«Ripugnanti!». È questo il termine forte con cui il premier portoghese Antonio Costa ha commentato le parole del ministro dell’Economia olandese Wokpe Hoekstra, falco tra gli oppositori agli aiuti ai Paesi del Mediterraneo colpiti dal Coronavirus. Sono parole mai usate prima in un Consiglio europeo, che mettono in luce una rottura empatica in Europa. Costa è il capo dell’unico governo davvero di sinistra dell’Unione, sostenuto anche dai radicali. È proprio nelle sue corde anche la recente decisione di fare una rapida sanatoria per gli stranieri irregolari in Portogallo.

La questione nasce da un gruppo di nepalesi impiegati in nero nelle campagne. Tra loro era stato trovato un caso positivo al Coronavirus e tutto il gruppo era stato messo in quarantena ma, per paura dei controlli, molti erano scappati. Ne è seguito un infuocato dibattito sui media lusofoni e alla fine il premier ha preso la decisione più saggia: sanatoria per tutti. Inoltre, chi aveva fatto domanda di permesso di lavoro, soggiorno o residenza prima del 18 marzo, lo otterrà automaticamente.

A Lisbona la chiamano “legalizzazione express”: per tutti sarà possibile accedere ai servizi sanitari e alle altre facilitazioni che il governo sta mettendo in campo per contrastare la pandemia, inclusi benefici di welfare come il sussidio di disoccupazione.

«È un modo per proteggerci» dicono dal governo, reagendo alle immancabili critiche della destra. In altre parole (parafrasando i sovranisti nostrani): “prima i portoghesi” significa evitare che il virus attecchisca nelle collettività straniere clandestine per poi contagiare tutti.

Davanti al Coronavirus siamo tutti uguali: sembra una formula semplice da comprendere, ma non tutti vogliono arrendersi a tale evidenza. E si sa, l’egoismo è stupido.

Il Portogallo sta indicando una strada a tutta l’Europa: se si vuole sconfiggere la contaminazione occorre che tutti siano coinvolti senza escludere nessuno. L’ha detto papa Francesco durante la preghiera in Piazza San Pietro il 27 marzo scorso, usando un proverbio popolare: «Siamo tutti sulla stessa barca».

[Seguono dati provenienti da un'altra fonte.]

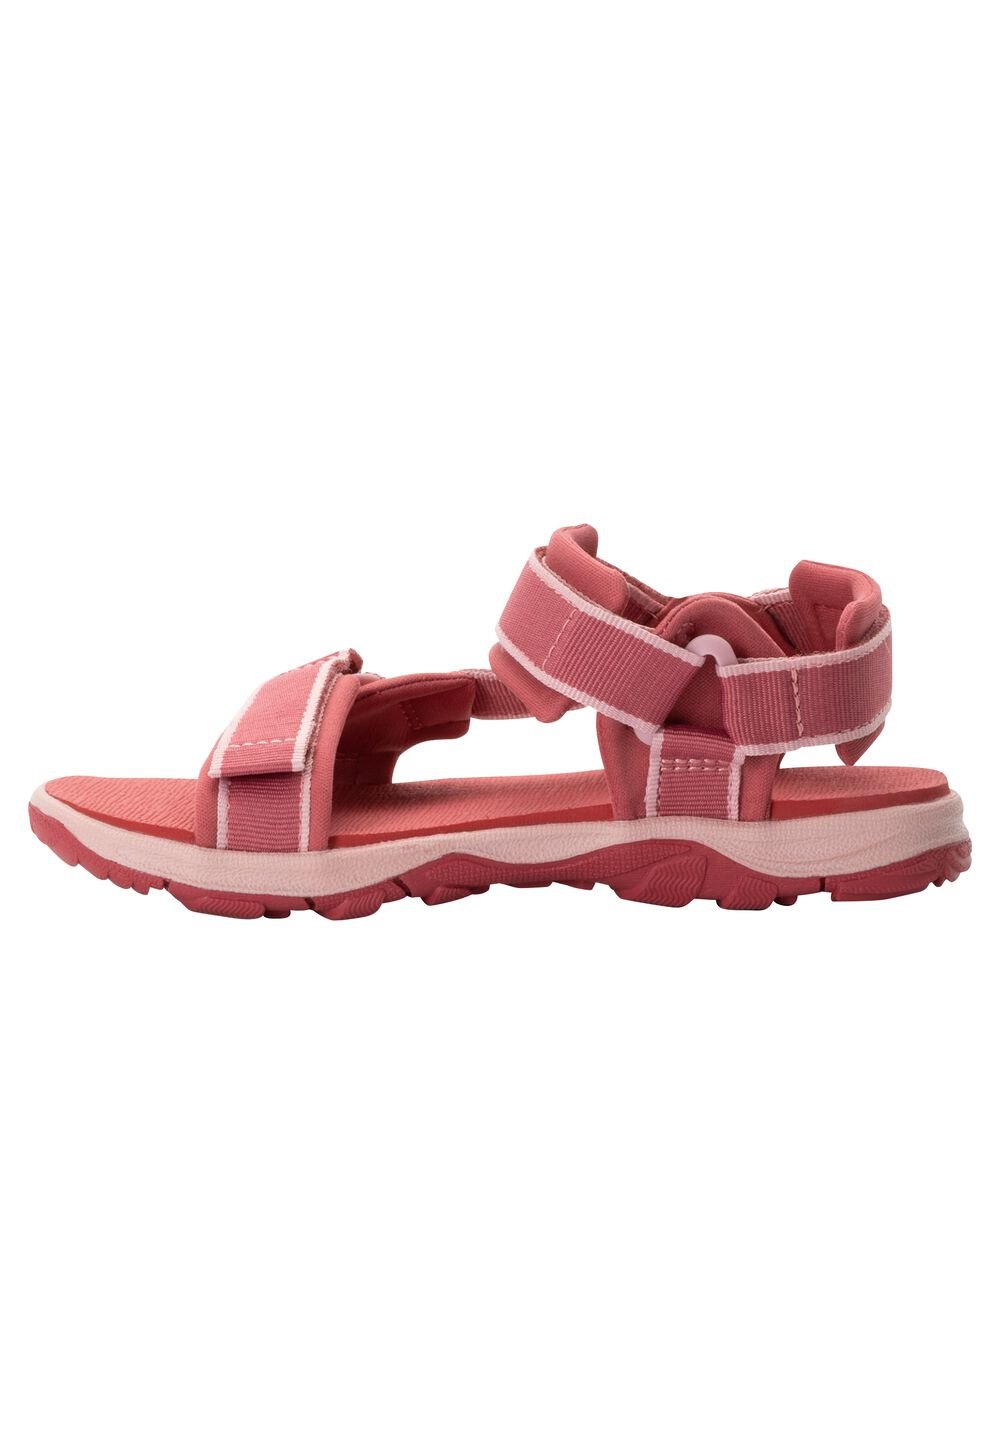 Jack Wolfskin Seven Seas 3 Kids Kinderen sandalen 37 soft pink soft pink

Per ora il provvedimento dura fino al 1° luglio, anche se c’è chi prevede che sarà reso stabile: inutile far emergere il “nero” se poi lo lasci ricadere nell’ombra. Anzi, alcuni esperti sostengono che la crisi emergenziale attuale può assolutamente servire a bonificare il mercato del lavoro. È un tema che riguarda anche l’Italia: tutte le misure oggi intraprese dal governo Conte, ad esempio, si rivolgono a coloro che sono in sofferenza e che possono essere raggiunti. Ma esiste in Italia una parte di forza lavoro che non può esserlo, e non si tratta solo dei cosiddetti “clandestini”: sono almeno 3 milioni i lavoratori del sommerso e al nero, quelli che non appaiono in nessun database dell’Inps o dell’Inail. Persone che non hanno richiesto nemmeno il reddito di cittadinanza per paura di essere scoperti a fare un lavoro non regolarizzato.

In Europa meridionale (soprattutto ma non soltanto) vi sono pezzi di mercato del lavoro non regolari, nei quali proliferano le mafie. Da quando il lavoro è divenuta una merce rara, la criminalità organizzata se ne occupa, provvedendo a somministrarlo e a far incontrare domanda e offerta, tutto rigorosamente in nero.

Da qui la ripresa del caporalato in Italia negli ultimi anni, così come in Spagna, Portogallo e Grecia, in particolare nel settore agricolo. Tuttavia in altri settori, come l’edilizia e la piccola manutenzione, tale tema riguarda tutta Europa (Nord legalista compreso). Altrimenti non si spiegherebbe la polemica sul famoso “idraulico polacco” che scatenò il dibattuto proprio al Nord. L’esempio portoghese sarebbe da seguire. È la cosa più sensata da fare.